The aim of this research was to produce low-density bark-based panels and to clarify whether bark, especially pine bark (Pinus sylvestris), is suitable as an insulation material.

Materials and Methods

Material for the investigation

The bark for the current study was collected in a small Upper Austrian softwood sawmill. According to the sawmill owner, the wood species is 90 percent common pine (Pinus sylvestris), 5 percent spruce (Picea abies), and 5 percent fir (Abies alba).

Sample taking was carried out following the method developed by Paper Wood Austria (2009) for industrial wood chips acceptance. Bark chips were taken from the upper layer of the bark pile at several spots and were withdrawn at an approximate depth of 30 cm to avoid changing effects at the boundary layer. The bark was subsequently dried with a vacuum dryer from an initial MC of 100 percent to a final MC of 5.8 percent.

Bulk density and densification properties of bark

During panel production, particles are resonated and then pressed in a hot press where the particle–resin mixture gets compressed. Therefore a minimum board density is necessary in order to guarantee proper interparticle contact during the pressing process.

For insulation panels where low densities are required in order to achieve low thermal conductivity (Kain et al. 2012), the bulk density of the bark particles has to be known when defining panel density. Moreover bark particles also could be used as a blow-in insulation material, whose thermal conductivity is lower when the bulk density is low.

For investigating the bulk density and the densification properties of bark, the dried material was crushed in a common disk chipper and fractionated with a sieve into three fractions (x1, x2, and x3). The particle size distribution was as follows: 45 mm > x1 ≥ 13 mm, 13 mm > x2 ≥ 8 mm, 8 mm > x3 ≥ 0 mm. The bulk density and the set were determined according to the European standard EN 15103 (Deutsches Institut für Normung [DIN] 2010). Deviating from the standard, a prismatic box with a cross section of 40 by 6 by 40 cm was used to simulate the geometry of a wall instead of a circular bin.

This box was filled to the upper edge with bark of defined particle size by loose pouring. Afterward the bulk density was determined. Subsequently the box described above was dropped 10 times from a height of 5 cm in a base frame in order to compress the loose bark particles. The density of the densified bark was then calculated, and the compression ratio was ascertained. Six independent measurements were carried out per bark fraction. Therefore the effect of particle size on the bulk density of the not densified and densified bark was tested on its statistical significance with an analysis of variance.

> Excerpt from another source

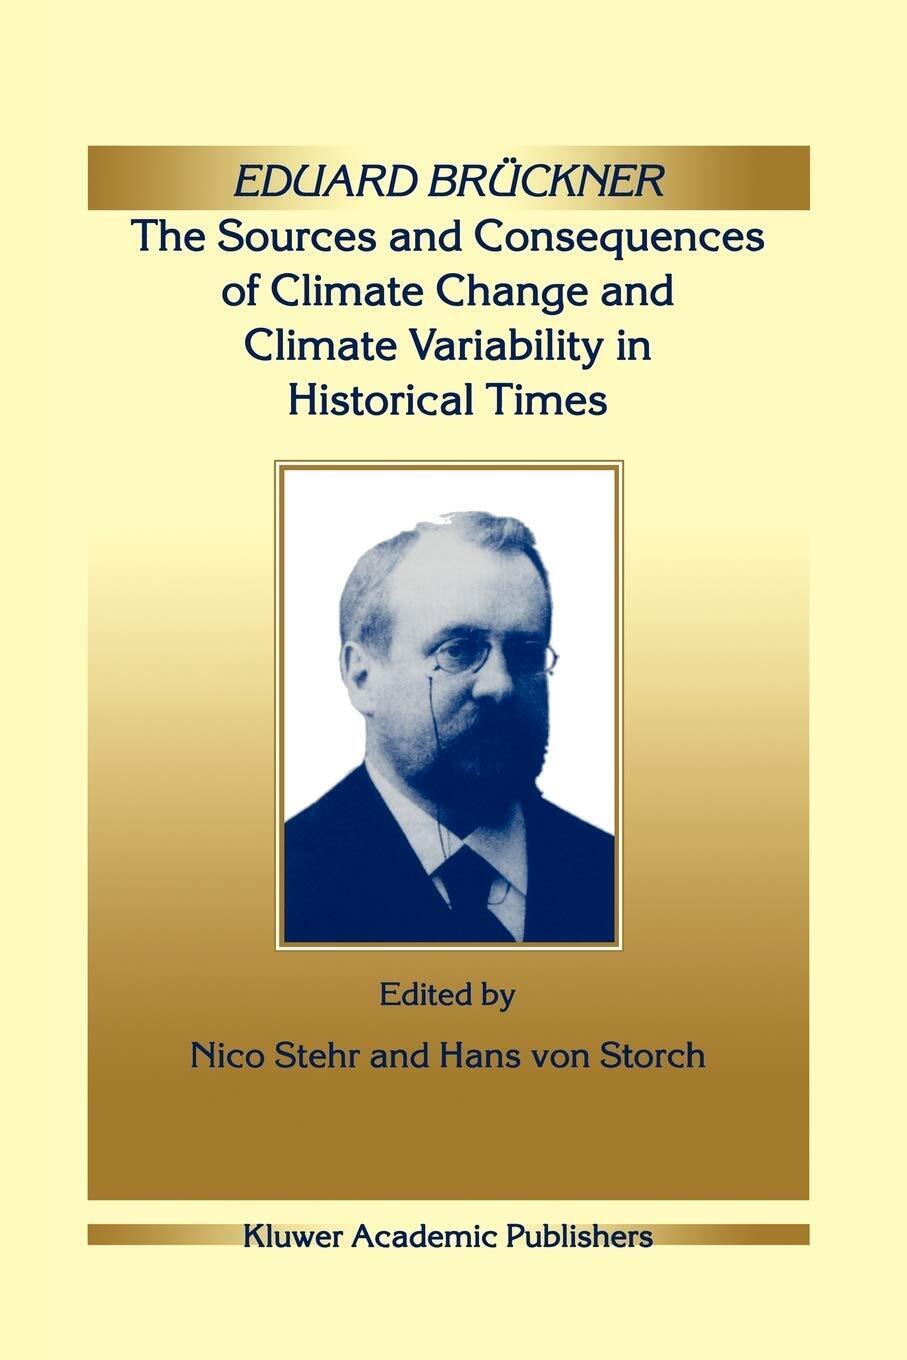 Eduard Br?ckner - the Sources and Consequences of Climate Change and Climate

Manufacturing of one-layer insulation boards

From the bark material mentioned at the outset (90% pine, 5% spruce, and 5% fir), boards were produced. First, the coarse bark particles were milled in a four-spindle shredder. Within the machine, a 30-mm-mesh sieve was installed to limit the dimensions of the oversized particles after milling. The milled particles were fractionated continuously using hand sieves to obtain two bark fractions: x4 and x5. Thus the particle distribution was classified by the following criteria: 30 mm > x4 ≥ 13 mm, 13 mm > x5 ≥ 8 mm. Dust, fines, and particles smaller than 8 mm were not used for the bark-based insulation board production. Afterward the bark particles were resinated with a urea-formaldehyde (UF) glue in a laboratory blender. To conclude the process, bark-based insulation panels (Fig. 1) with a thickness of 20 mm and a target density of 350, 400, and 500 kg/m3 were produced using a laboratory press (1 by 1 m).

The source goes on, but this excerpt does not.